Содержание       Начальная страничка
      
      Глава 2. Великие политэкономические заблуждения
      
      Каждое заблуждение проходит три стадии:
      на первой оно вызывается из небытия,
      на второй его не хотят признавать,
      на третьей с ним ничего не поделать,
      
Гриллпарцер
      В истории имеется много примеров, иллюстрирующих, как экономическая политика в большей или меньшей степени не достигала цели. В основе всех этих случаев лежало неверное представление о том, как функционирует экономика, как в народном хозяйстве возникают основополагающие взаимозависимости. При этом центральным звеном заблуждений часто было ложное представление о том, как люди будут реагировать на устанавливаемые условия (правила) хозяйствования.
      
      Обобществление средств производства
      Великие заблуждения длятся десятилетиями, пока не наступит историческое прозрение и не обнаружится их ошибочность. Сначала, когда новая экономическая идея постепенно прокладывает себе путь, ситуация часто на короткое время улучшается; это длится до тех пор, пока ее ошибочность и полная неосуществимость не станут очевидными. То, что ошибочность идеи удается обнаружить не сразу, связано со многими причинами: воодушевление новыми идеями помогает преодолевать возникающие неприятности, которым легко и охотно находят кажущиеся рациональными объяснения. Так, можно кое-что сваливать на тех, кто в старой преобразуемой системе все делал неправильно. Помогает также нахождение внутреннего или внешнего козла отпущения, на которого можно возложить ответственность за ошибочное направление развития. В крайнем случае, для обеспечения сплоченности общества внутри страны можно использовать войну, как бы цинично это не звучало. Но и помимо этого политик имеет много инструментов для того, чтобы прикрыть свои неудачи и отодвинуть на время отрицательные эффекты. Например, можно приукрасить статистические данные и ввести в заблуждение коллективное сознание. И наконец, надо учитывать, что эрозия производственного потенциала экономики не сразу становится очевидной.

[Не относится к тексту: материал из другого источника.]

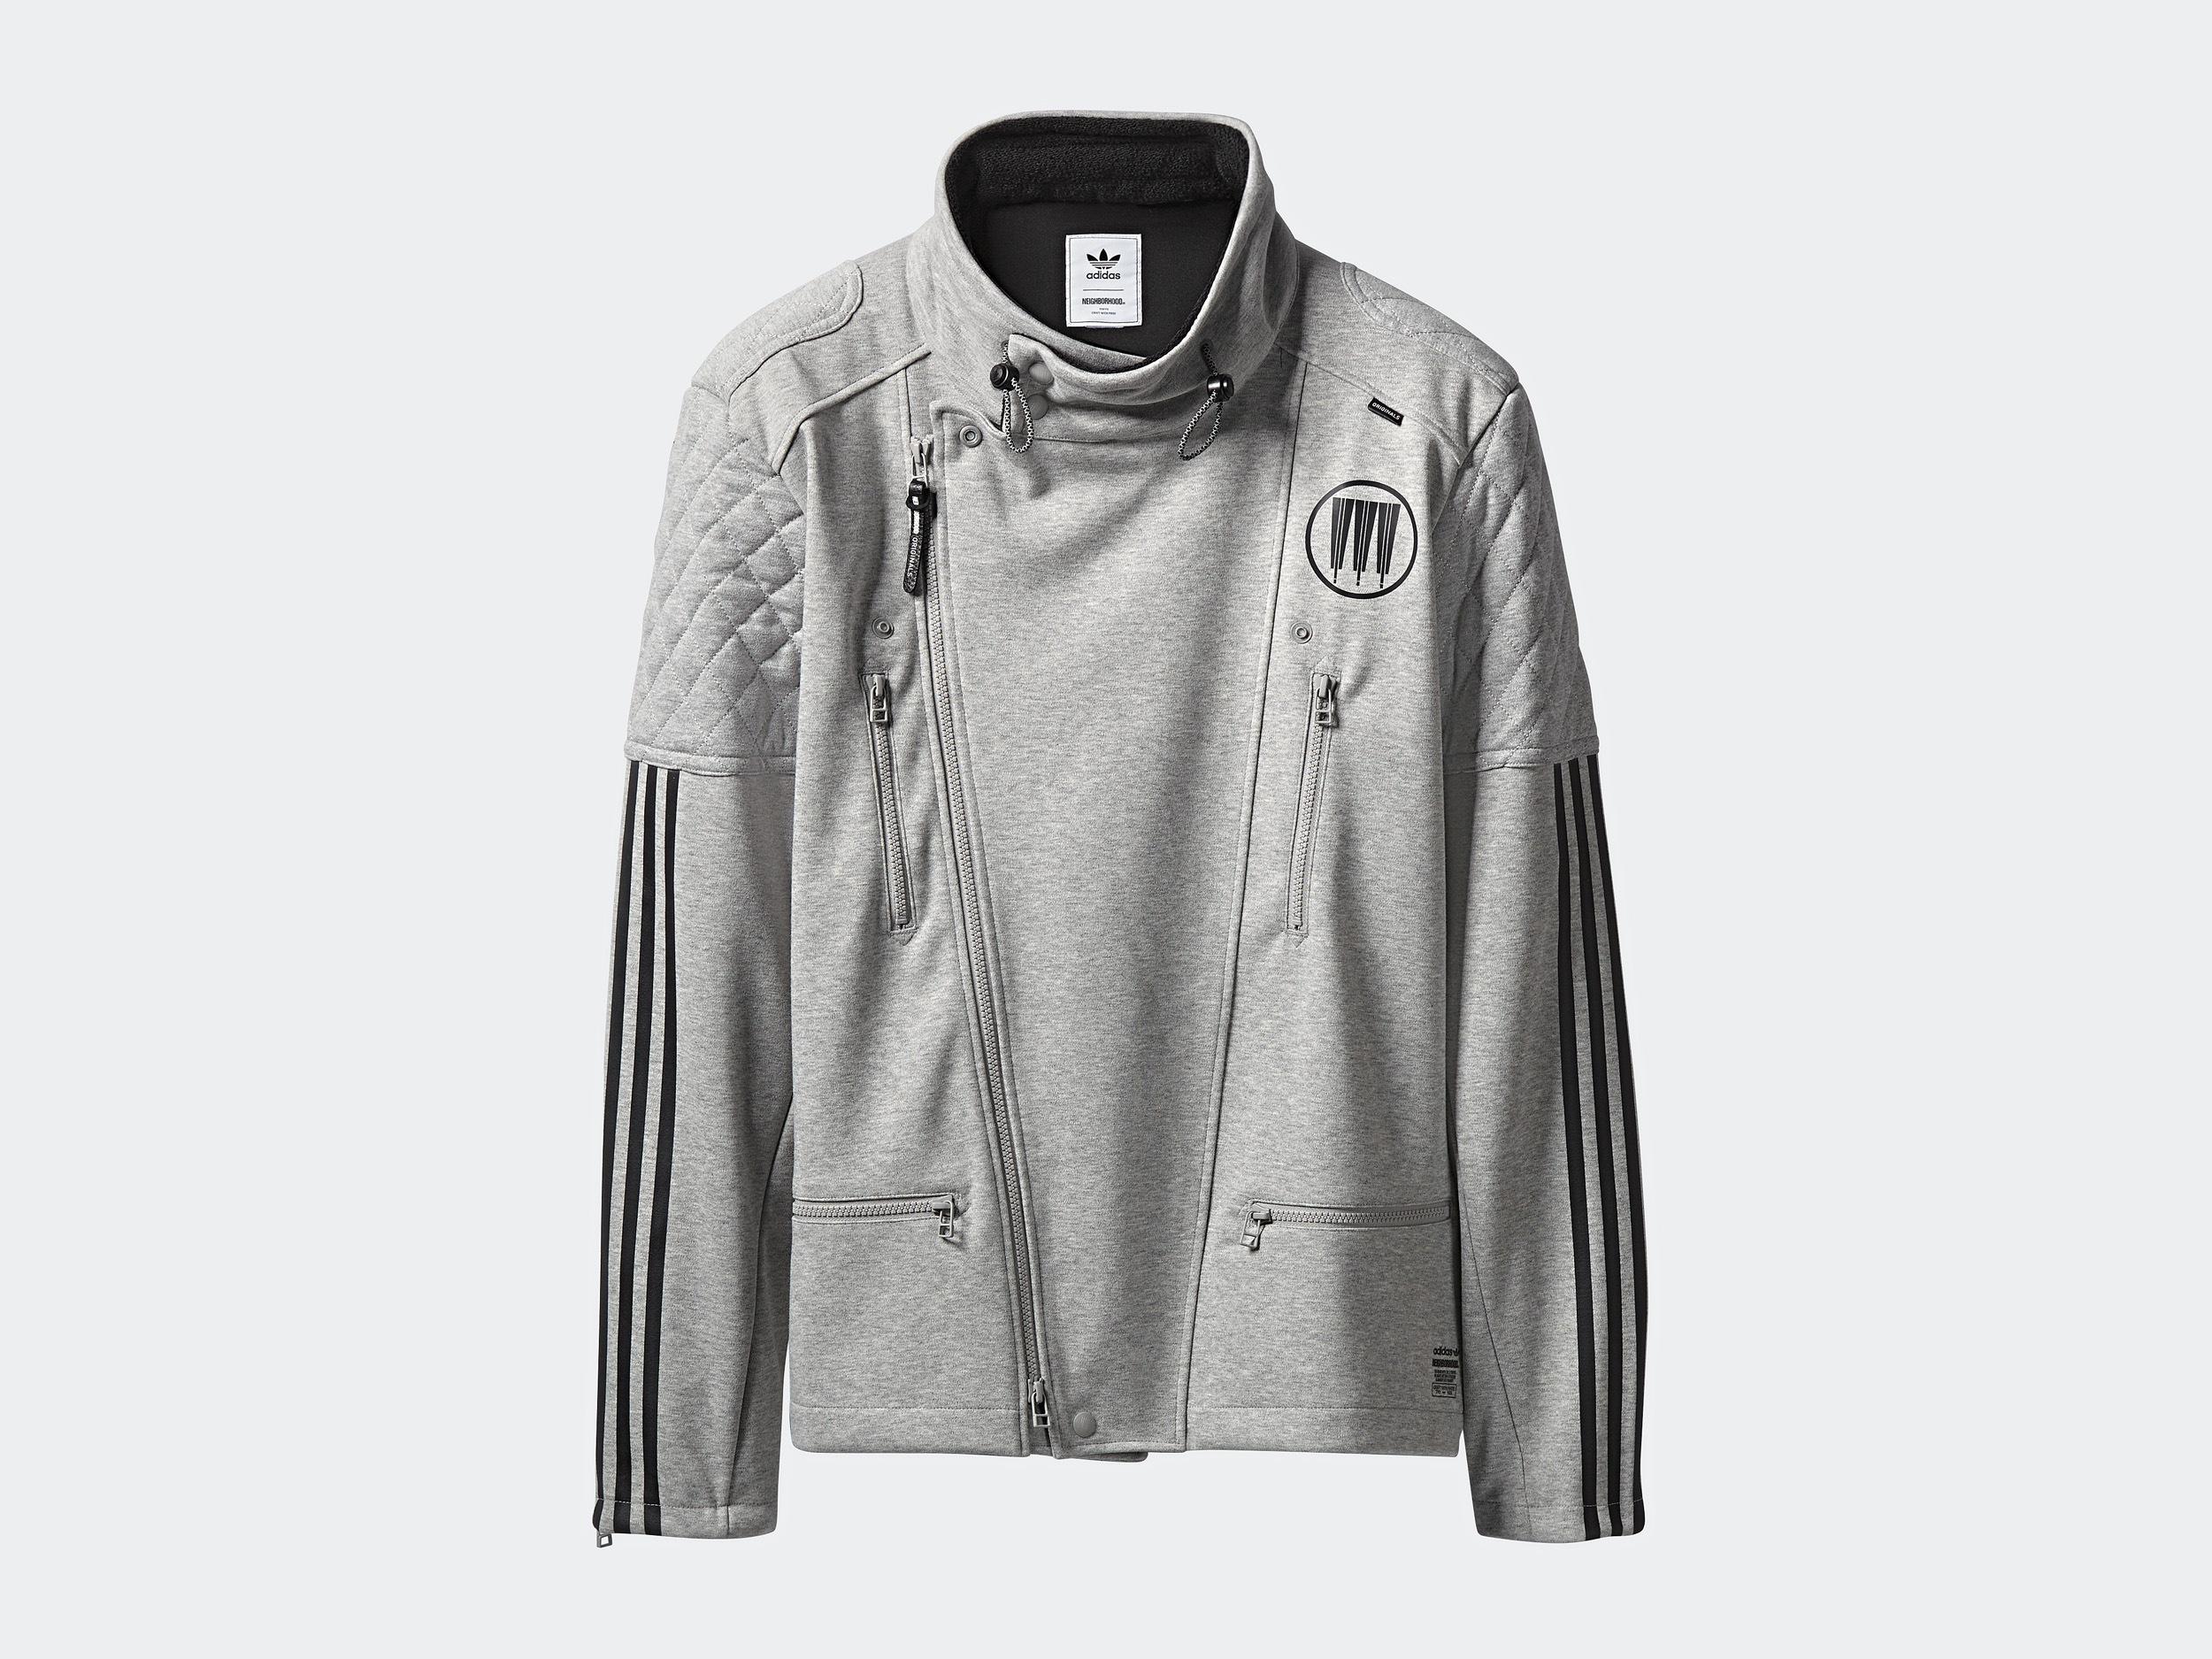 adidas Originals x Neighborhood SpringSummer 2018

      Выдающимся примером великого политэкономического заблуждения была легенда о коммунистическом централизованном планировании. Проникшись идеей справедливости, национализировали средства производства, организовали все народное хозяйство по единому централизованному плану, ликвидировали частную собственность. В промышленности предполагалось использовать эффект снижения затрат при укрупнении производства. Людей освободили от необходимости принимать решения по экономическим и политическим вопросам. Во времена сталинизма они даже не могли выбирать свое место жительства и вид работы. Тем самым были подавлены все индивидуальные стимулы. У кого в такой системе мог быть кровный интерес производить качественные блага? У кого были побуждения сберегать и инвестировать, создавать новый капитал и закладывать, тем самым, основы будущего для себя и своих детей? Все экономические стимулы были задавлены государством-левиафаном; все покрылось безразличием.
      Система всеобщего централизованного планирования столкнулась с необъятной и неразрешимой информационной проблемой. На стадии составления народнохозяйственных планов предприятия, обязанные сообщать "наверх" о своих производственных возможностях и потребностях в материалах, были заинтересованы запрашивать побольше средств производства и в то же время брать на себя поменьше обязательств по выпуску продукции. Это облегчало руководителям предприятий выполнять централизованные планы и предотвращало придирки, выговоры и разного рода штрафные санкции вплоть до отправки в сибирские лагеря. В результате орган централизованного планирования получал от предприятий полностью искаженную информацию. На стадии выполнения плана никто не гарантировал, что товар найдет своего потребителя, а потребитель - искомый товар. Потрясающей была основная цель социалистической экономической политики - обеспечить всеобщее "товарное покрытие", т. е. доставить в нужное время и место нужные товары в нужном количестве и качестве. Если экономическая политика направлена на достижение такой цели, то это верный признак, что в действительности "товарного покрытия", как правило, не будет.
      Однако ложные производственные стимулы, недостаток информации, сложные проблемы координации - это еще не все; в системе отсутствовали инновационные стимулы, как то: поиск новых технологий и новых видов продукции, готовность использовать открывающиеся новые возможности, даже если они связаны с риском.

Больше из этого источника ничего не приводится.